What, may I ask, am I supposed to smell of? It’s not as if she cares for any of the perfumes I’ve tried out in the woods and fields… So smelling of dog, I feel, is a reasonable compromise. Now, we’ve been through all this… I don’t need to tell you the horror stories. You’ve seen the pictures… locked in that little room with all the soapy stuff and no escape route…
‘Course, if she wants to mop the floor, bleach the tub and wipe the walls, that’s up to her. I can shake with the best of them.

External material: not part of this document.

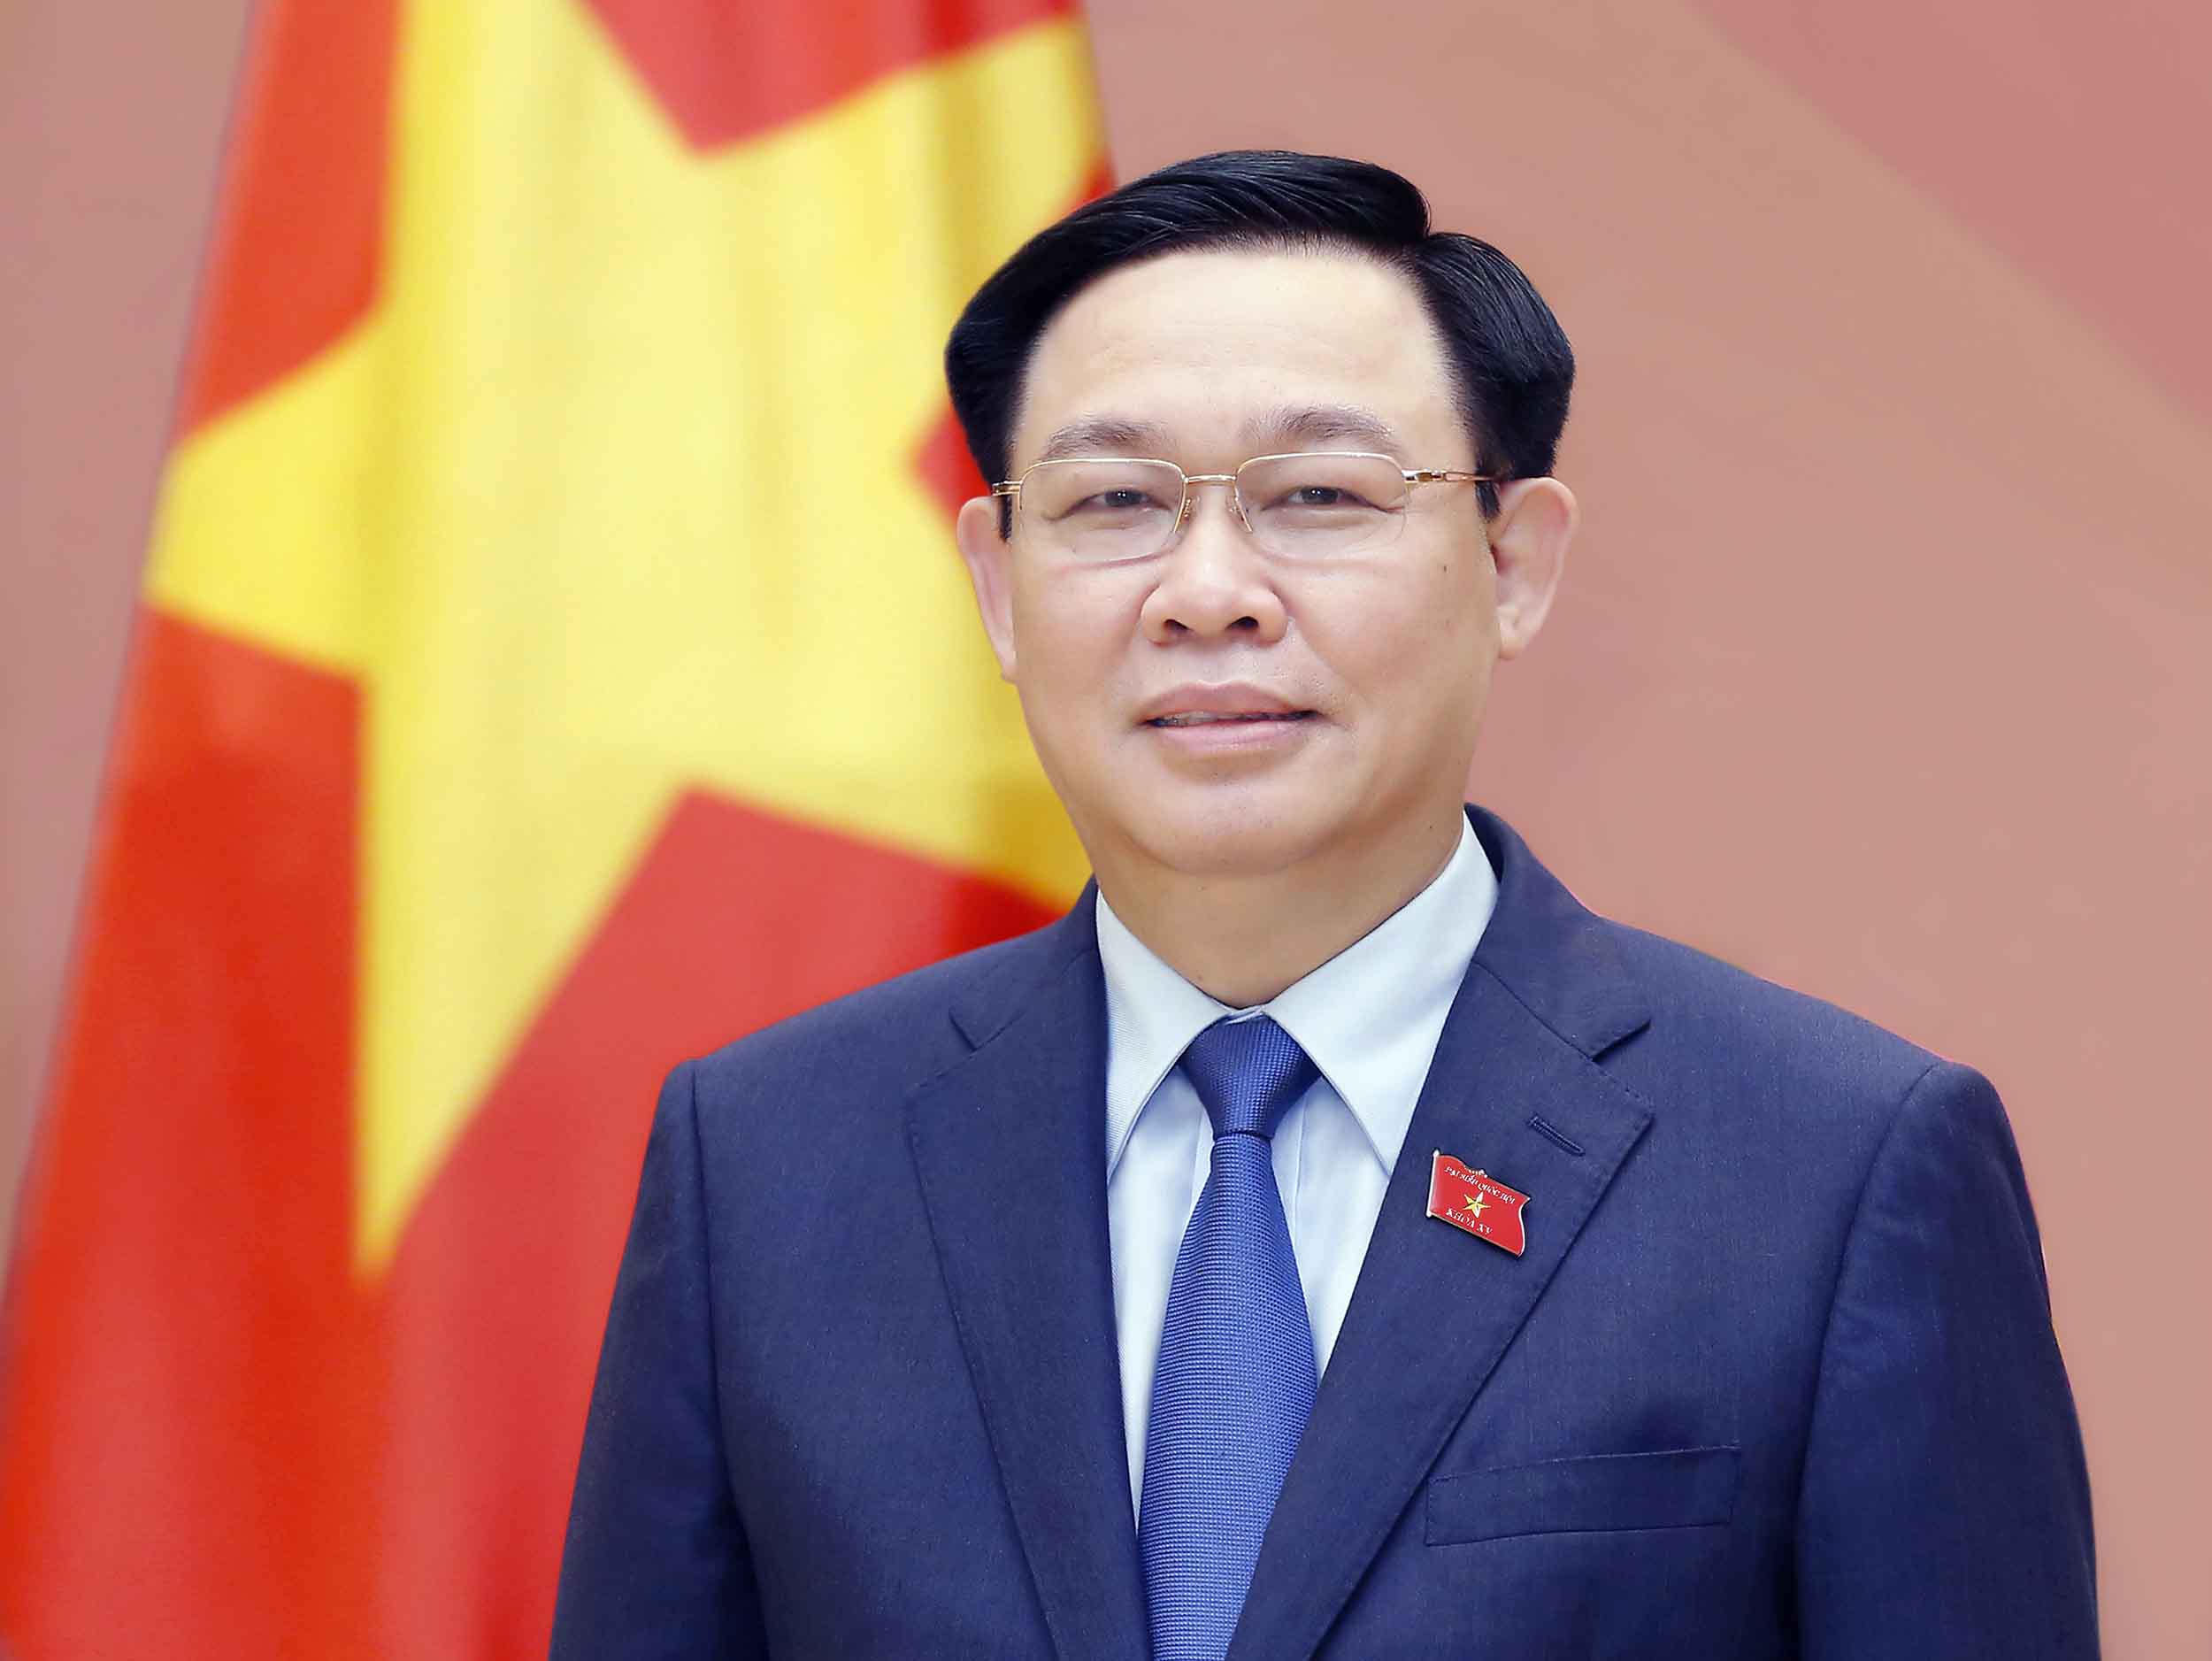 TIN NÓNG 24 GIỜ QUA: Ông Vương Đình Huệ thôi chức Chủ tịch Quốc hội; bắt cựu Chủ tịch UBND tỉnh Bình Thuận

Still, she’s got to catch me first and I’m getting really good at wriggling into small spaces and going dead weight when she tries to carry me upstairs… I may be getting a little heavier too… it’s winter, you know. I need my reserves… and my coat is all thick and glossy… doesn’t need the soapy stuff if you ask me.

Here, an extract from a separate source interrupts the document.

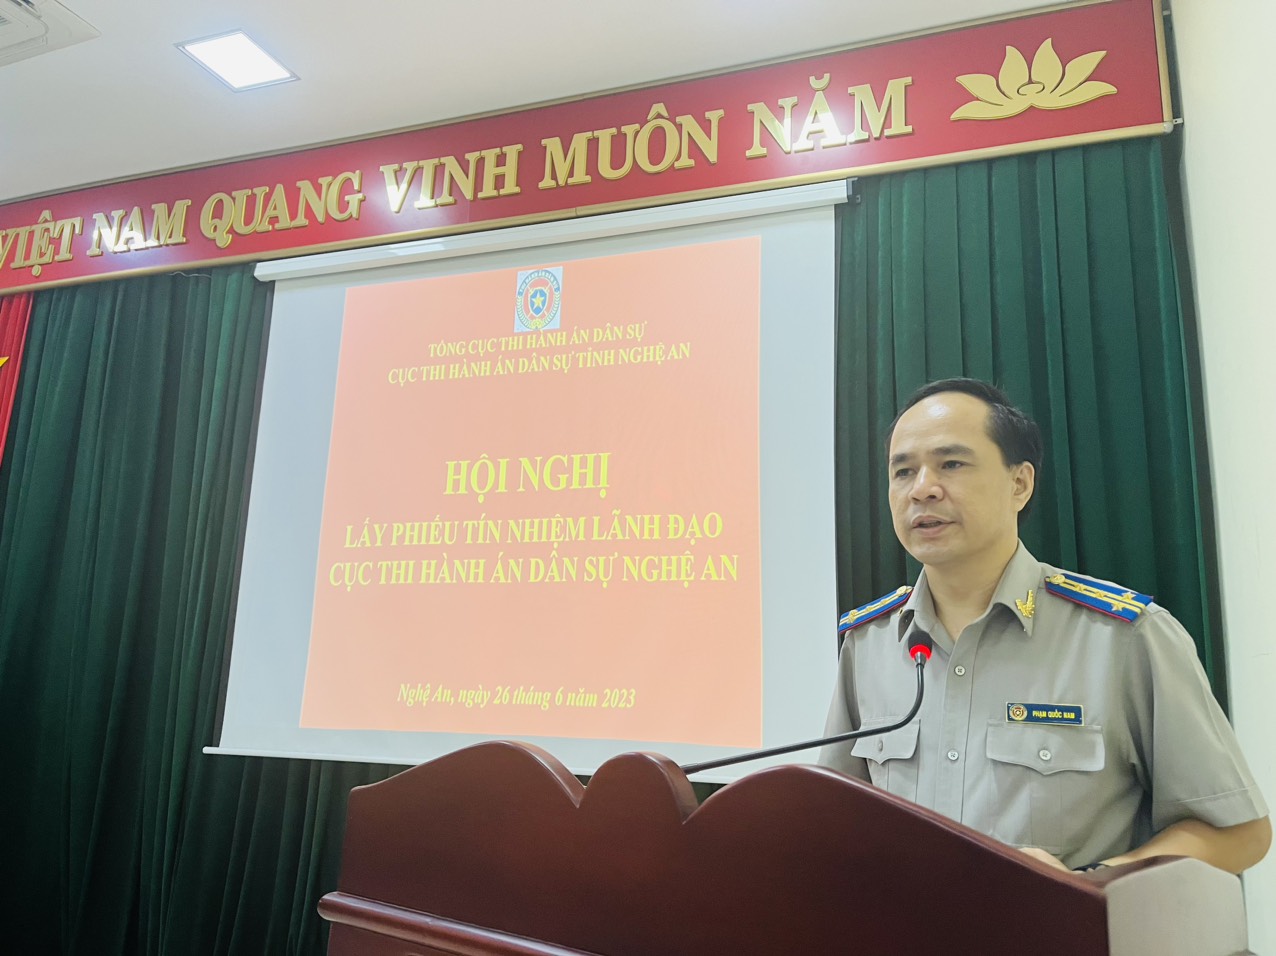 Cục Thi hành án dân sự tỉnh Nghệ An tổ chức Hội nghị lấy phiếu tín nhiệm Lãnh đạo Cục và Hội nghị giao ban đánh giá công tác THADS, theo dõi THAHC 9 tháng đầu năm 2023.

If that’s not bad enough she keeps trying to creep up on me with scissors. Now come on… would you let her near your ears with scissors? One slip and half my means of self-expression are up the Swanee… As far as I can see, any knotty bits in my ears will come out eventually. No, she says… grooming, she says… Grooming? Coming from her, that’s a bit much… but my lips are sealed…
And she wants to clip the fur round my toes! Now, I don’t get to wear boots outside… long fur keeps my toes warm… and whatever she says, it does not make me look strange. And if she’s supposed to be a hobbit, shouldn’t she approve of furry feet? She’s probably jealous…
‘Course,being jealous is a bit pointless. I have furry feet because I’m supposed to. She doesn’t and isn’t. Why should she want something she really isn’t in need of? Still, I gather that there’s a lot of that about this time of year. Me, I don’t need much. Just food, somewhere warm… like her sofa… to sleep, cuddles and tennis balls. Just the basics really. And the odd bite of cheese if there’s any going… which is really a service to her. Too much isn’t good for her, you know… but I like to help out.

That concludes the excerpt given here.